19625father-son-having-good-time-park_23-2148684657-7308820

These limitations are more than evident when it comes to practical applications. For instance, CNNs were widely used to moderate content on social media. But despite the vast image and video resources they were trained on, you still can't completely block and remove inappropriate content.
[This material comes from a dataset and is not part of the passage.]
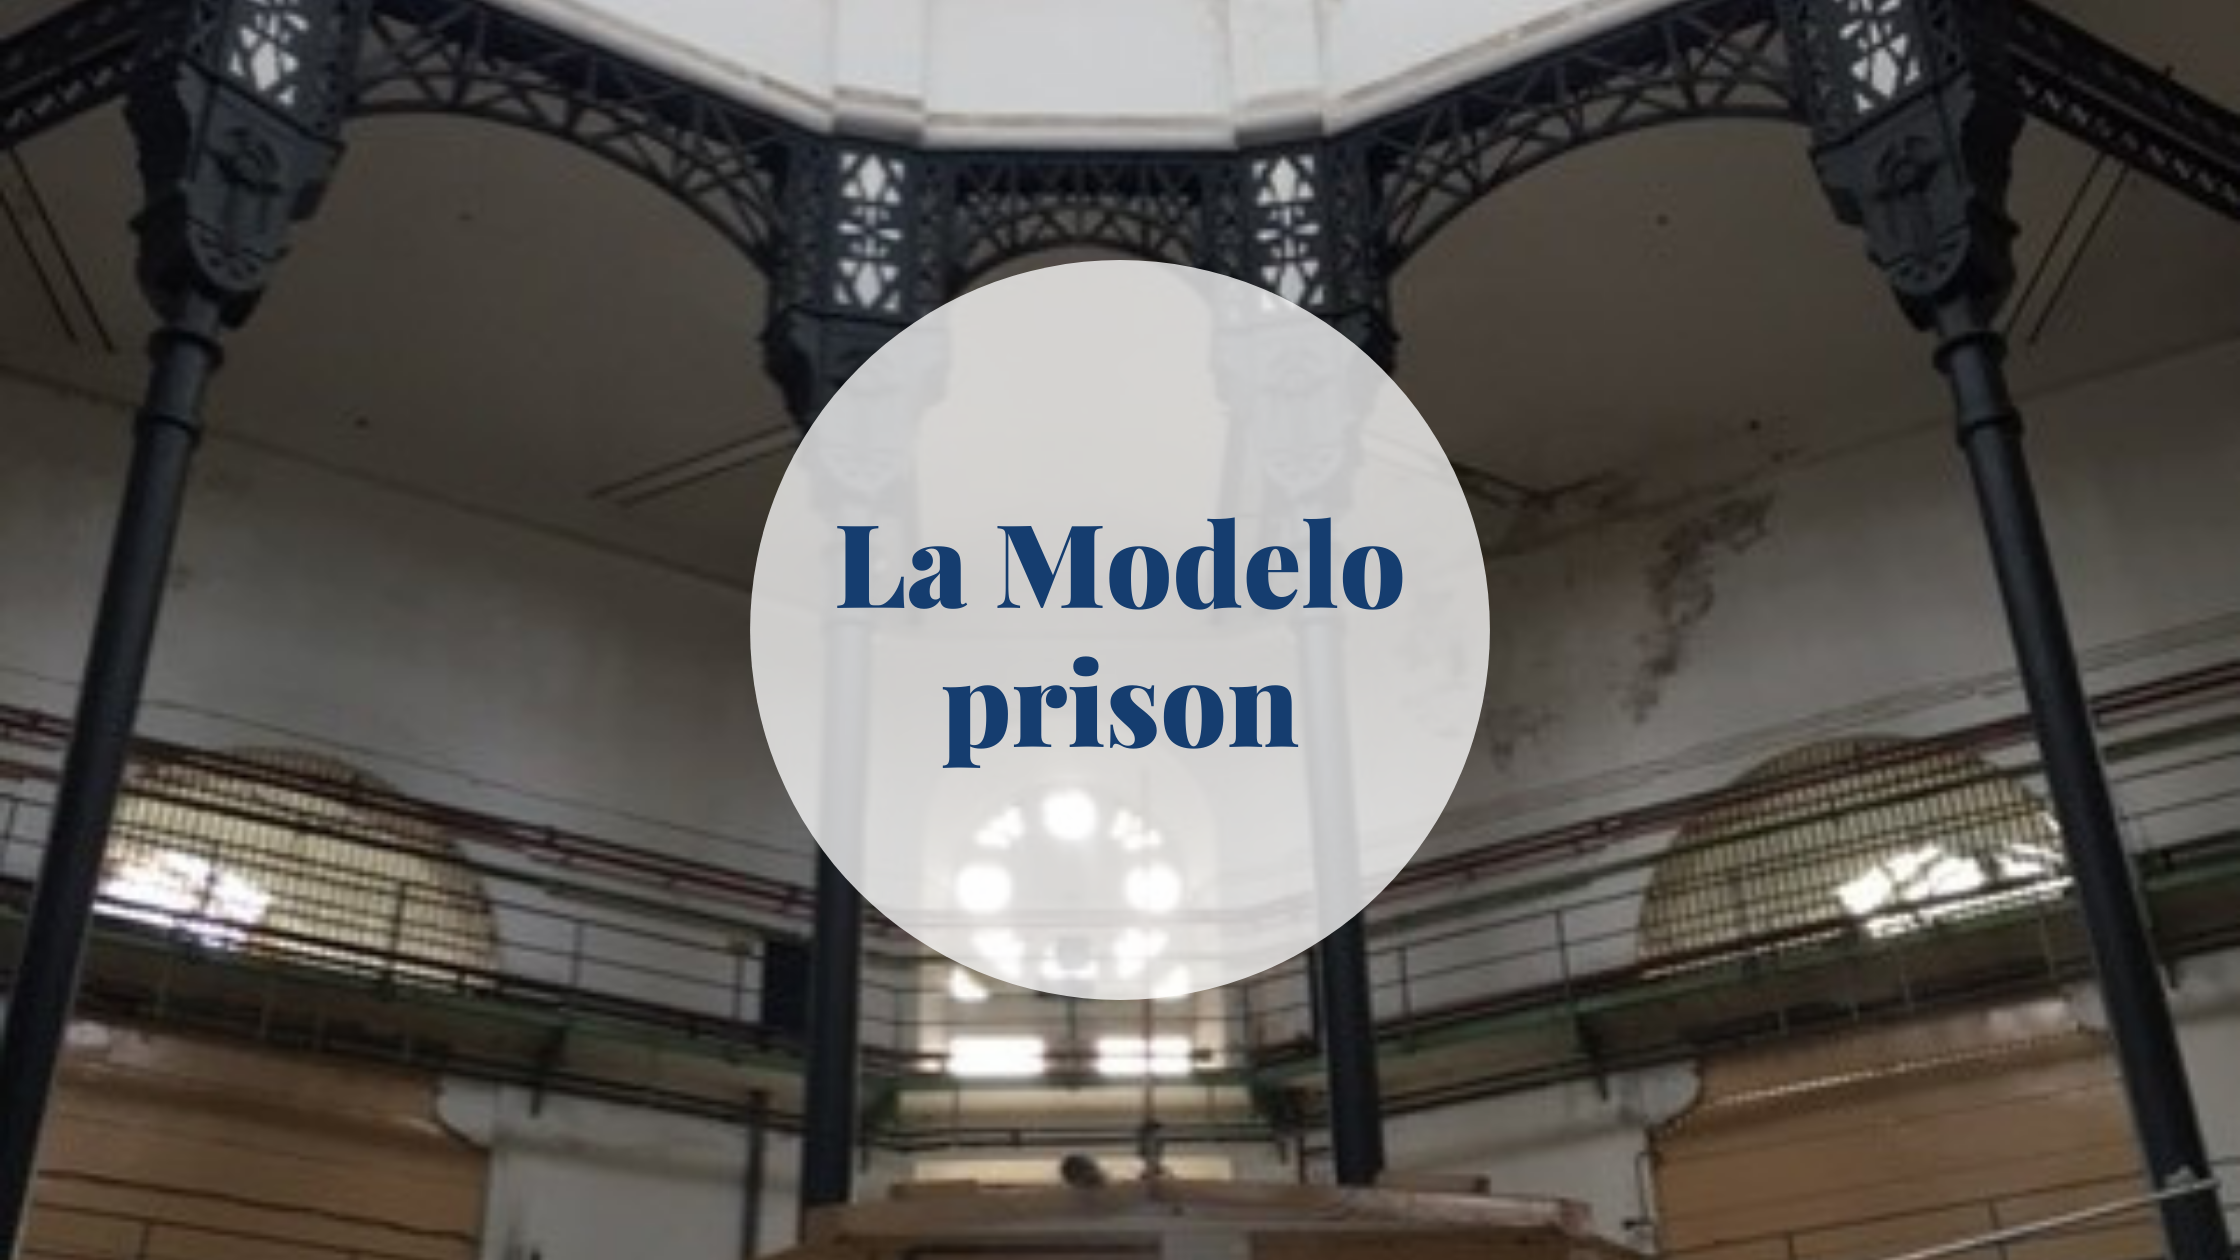 Prison Escape Room In Barcelona

As it turns out you marked a statue of 30.000 years with nudity on Facebook.

Several studies have shown that CNNs trained on ImageNet and other popular datasets do not detect objects when viewed under different lighting conditions and from new angles..

Does this mean that CNN is useless? But nevertheless, despite the limits of convolutional neural networks, there is no denying that they have caused a revolution in artificial intelligence. Today, CNNs are used in many machine vision applications like facial recognition, search and edit images, augmented reality and more. As advances in convolutional neural networks show, our achievements are remarkable and useful, but we're still a long way from replicate key components of human intelligence.

51026tenor201-5962931

Thank you for reading! If you enjoyed reading this article, please share to help others find it! Feel free to leave a comment 💬 below. You can connect with me at GitHub, LinkedIn

Do you have comments? Let's be friends in Twitter.

All the best and happy coding! 😀

The media shown in this article is not the property of Analytics Vidhya and is used at the author's discretion.

Subscribe to our Newsletter

We will not send you SPAM mail. We hate it as much as you.